- [Dataset excerpt]
^^^^^^^^
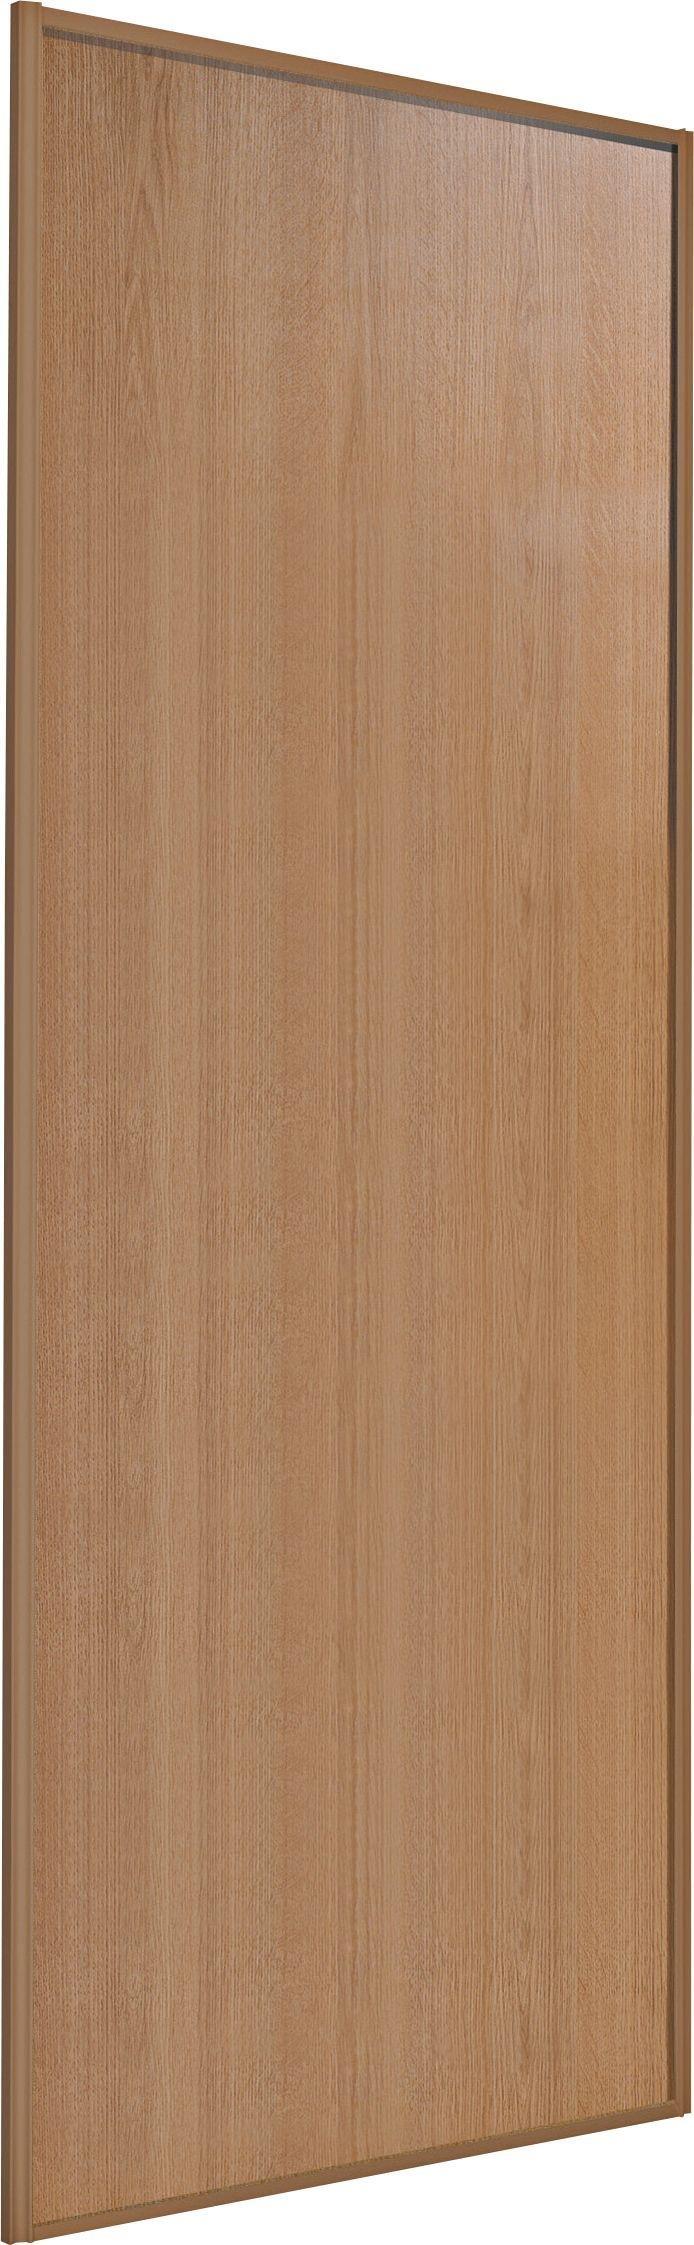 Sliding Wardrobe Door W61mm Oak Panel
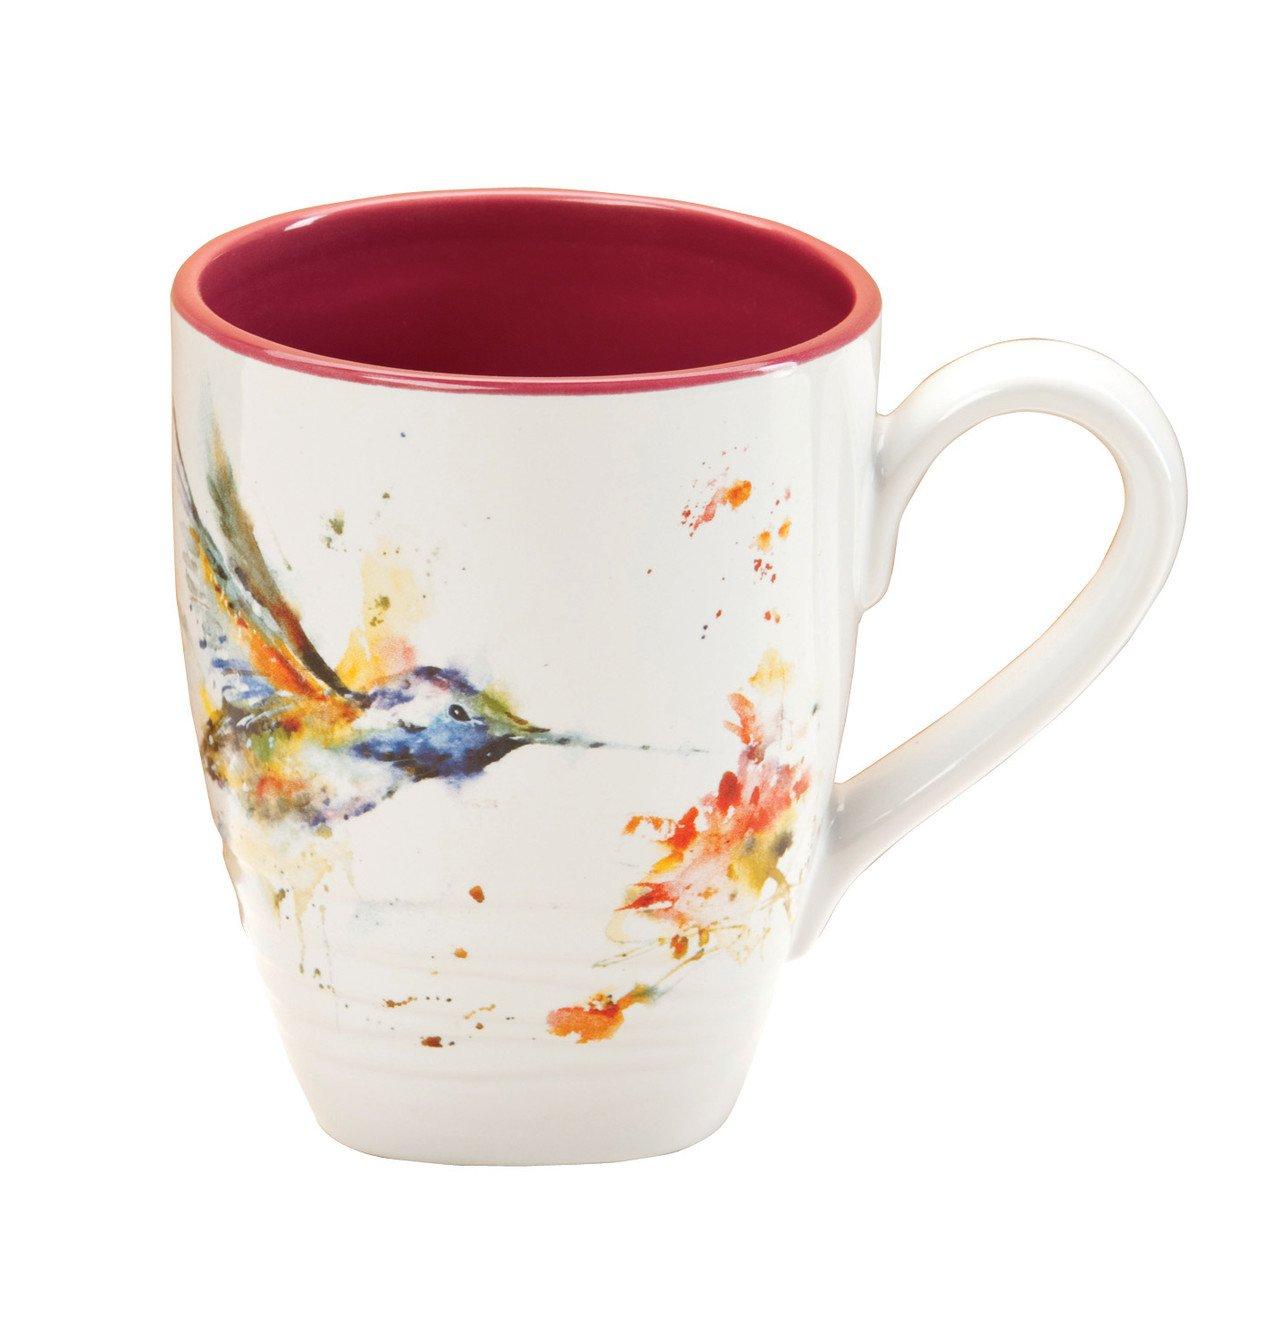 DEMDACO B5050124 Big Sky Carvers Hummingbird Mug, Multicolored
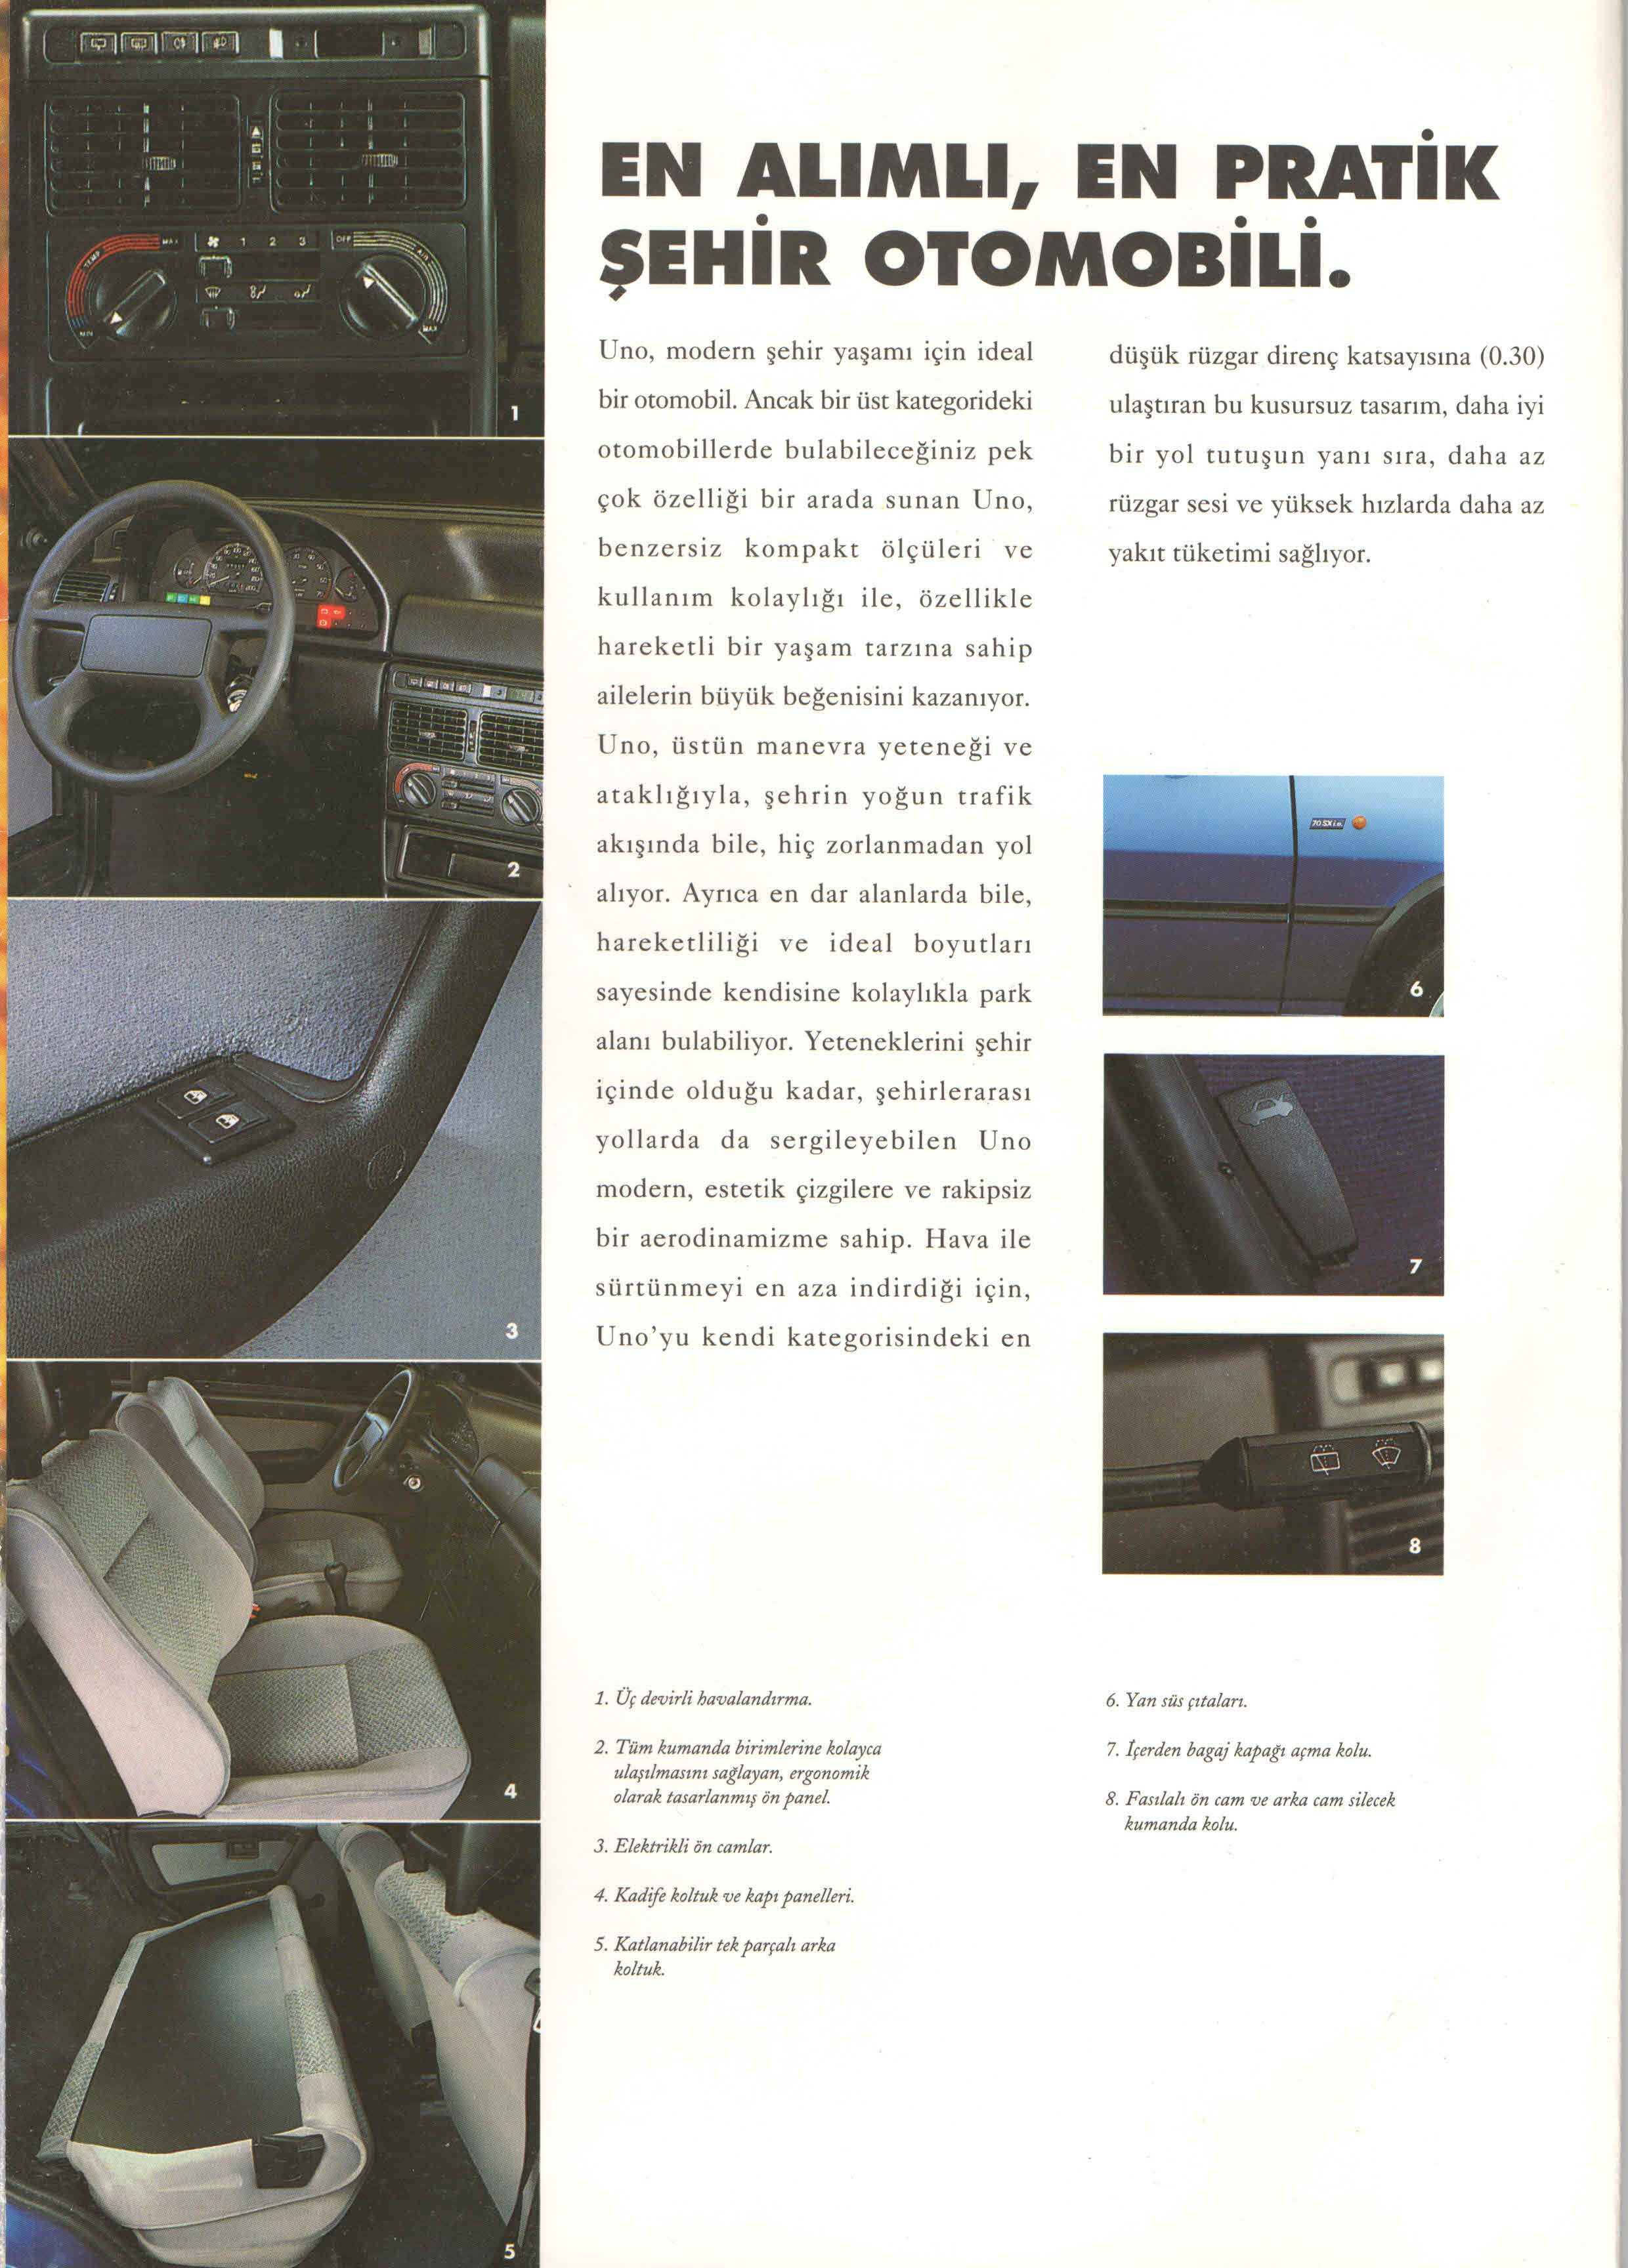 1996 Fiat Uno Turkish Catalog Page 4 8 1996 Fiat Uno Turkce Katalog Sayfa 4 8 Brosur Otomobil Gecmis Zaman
^^^^^^^^
- [Assignment] In your copy of the material, match every word exactly and include no pictures.

- [Output below]
 Sliding Wardrobe Door W61mm Oak Panel
 DEMDACO B5050124 Big Sky Carvers Hummingbird Mug, Multicolored
 1996 Fiat Uno Turkish Catalog Page 4 8 1996 Fiat Uno Turkce Katalog Sayfa 4 8 Brosur Otomobil Gecmis Zaman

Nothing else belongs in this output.